Para os autores, a credibilidade de uma fotografia não está na representação da realidade diante da câmera, mas na amplitude e clareza dos conceitos que expressa. E para assegurar tal clareza, os cuidados relatados acima são fundamentais.
Outro aspecto característico da Metodologia Artística de Pesquisa baseada na Fotografia é a forma como as imagens descrevem, analisam e geram situações que podem ser vistas por outros ângulos, propondo novos modelos de visualização da complexidade do conjunto da cultura material e/ou de um problema educacional. Segundo Roldán (2012, p. 54), a opção por “pesquisar através de imagens fotográficas é que sem elas não poderíamos elaborar as ideias sobre educação que somente elas nos proporcionam”.
Ao utilizar as imagens e os processos fotográficos nas pesquisas sobre educação, intencionamos questionar os problemas relacionados ao ensino e à aprendizagem. As imagens possibilitam a organização e a demonstração de ideias, hipóteses e teorias de modo equivalente às outras formas de conhecimento e oferecem informações estéticas desses processos, objetos e atividades.
Mas, afinal, como definir, descrever, documentar e concluir visualmente? No texto Estructuras narrativas y argumentales en investigación: Fotografias Independentes, Séries Fotográficas y FotoEnsayos, Marin e Roldán (2012, p. 67), descrevem os sete conceitos que sistematizam o uso de imagens na pesquisa. As estruturas visuais denominadas Fotografia Independente, Foto-Discurso, Série Fotográfica, Foto-Ensaio, Foto Resumo, Foto Conclusão e Citação Visual, “cumprem funções distintas, seja uma descrição ou uma comparação, seja uma argumentação ou uma demonstração, e todas devem ser adequadas aos requisitos e critérios de qualidade de uma pesquisa artística e educativa”, afirmam os autores. Porém, reconhecem que estas definições não são herméticas e acreditam que seu uso possibilitará revisões e ajustes futuros.

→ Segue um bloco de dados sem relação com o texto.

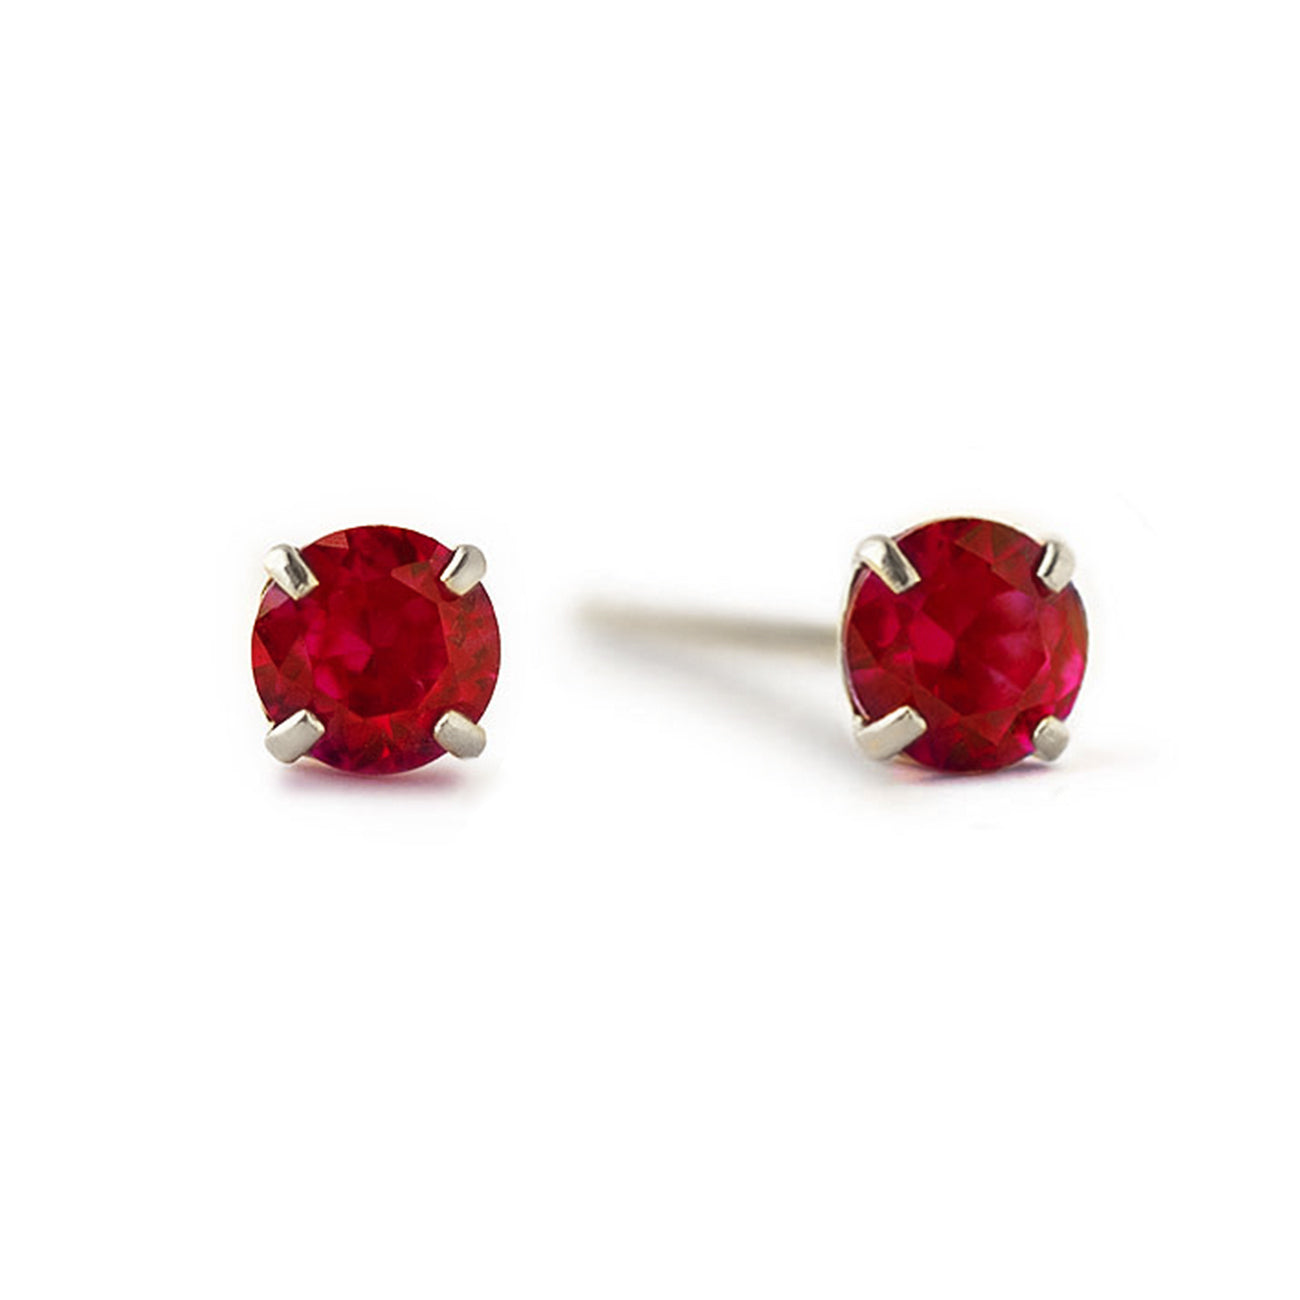 Only 45.00 usd for Birthstone Studs Garnet Online at the Shop

Ao selecionar os instrumentos visuais da pesquisa, precisamos considerar quais são os elementos do nosso interesse. Quais as variáveis e como podem ser arranjadas, quais as estratégias úteis e por fim, qual a técnica fotográfica mais adequada. Então, a utilização da fotografia na pesquisa pressupõe tomar decisões sobre: 1) o referente (objeto de pesquisa); 2) como fazer (quais as ações, em qual tempo, etc.); 3) contexto visual (onde, como); 4) revelar visualmente sua mirada de pesquisador e, 5) colocar em dúvida aquilo que vê (ponto de vista crítico).

Considerações finais
A Metodologia Artística de Pesquisa baseada na Fotografia estabelece, assim, outro paradigma em relação à potência das imagens fotográficas na pesquisa em Educação. O pensamento fotográfico, organizado em séries fotográficas, fotos-ensaios, fotos-discursos, fotocollage, entre outros, requer uma intenção e um plano de trabalho próprio dos processos investigativos e, simultaneamente, coloca o pesquisador em estado de invenção atento ao seu próprio processo de criação, a multiplicidade de tempos, espaços e perspectivas da Educação. A dimensão artística na pesquisa em Educação, possibilita novas interpretações e gera novas perguntas de uma forma visual.

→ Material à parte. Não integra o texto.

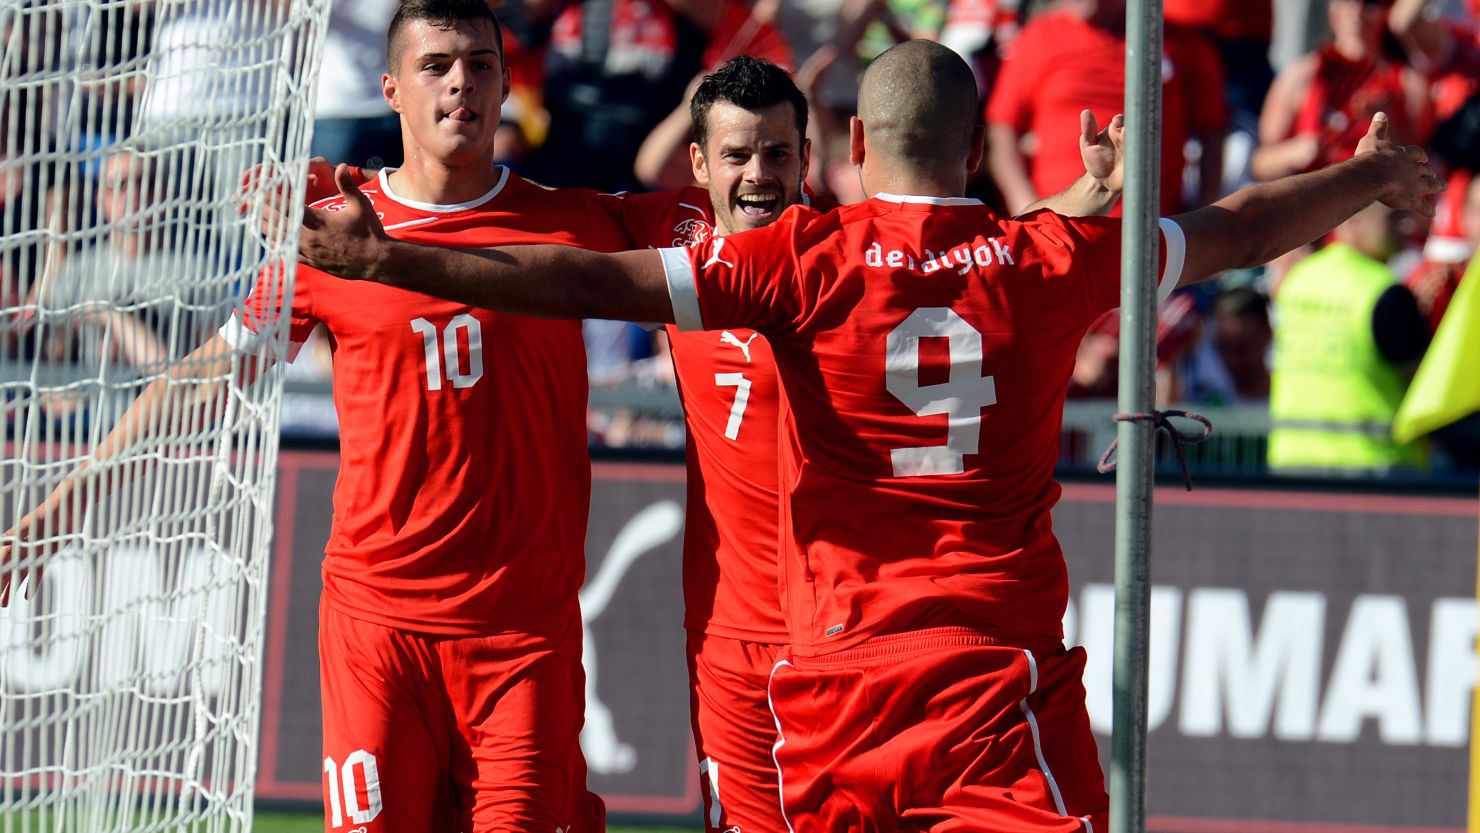 Eren Derdiyok gets the congratulations of teammates on his way to a hat-trick in Switzerland's 5-3 win over Germany.

Decorrem deste ponto alguns questionamentos para o campo da Educação: um texto verbal sobre os problemas educacionais pode ser suficientemente esclarecedor e provocativo para garantir que o leitor, como, por exemplo, um professor na sua formação inicial, adquira conhecimentos significativos sobre tais problemas? É possível fazer uma pesquisa educacional sem “dar a ver” a escola? Ou, de outro modo, podemos dizer da educação sem mostrá-la? Poderíamos estudar a Educação em profundidade através de suas imagens, descrevendo-a, analisando-a e gerando novas possibilidades para solucionar os problemas, sob o ponto de vista oferecido pela imagem?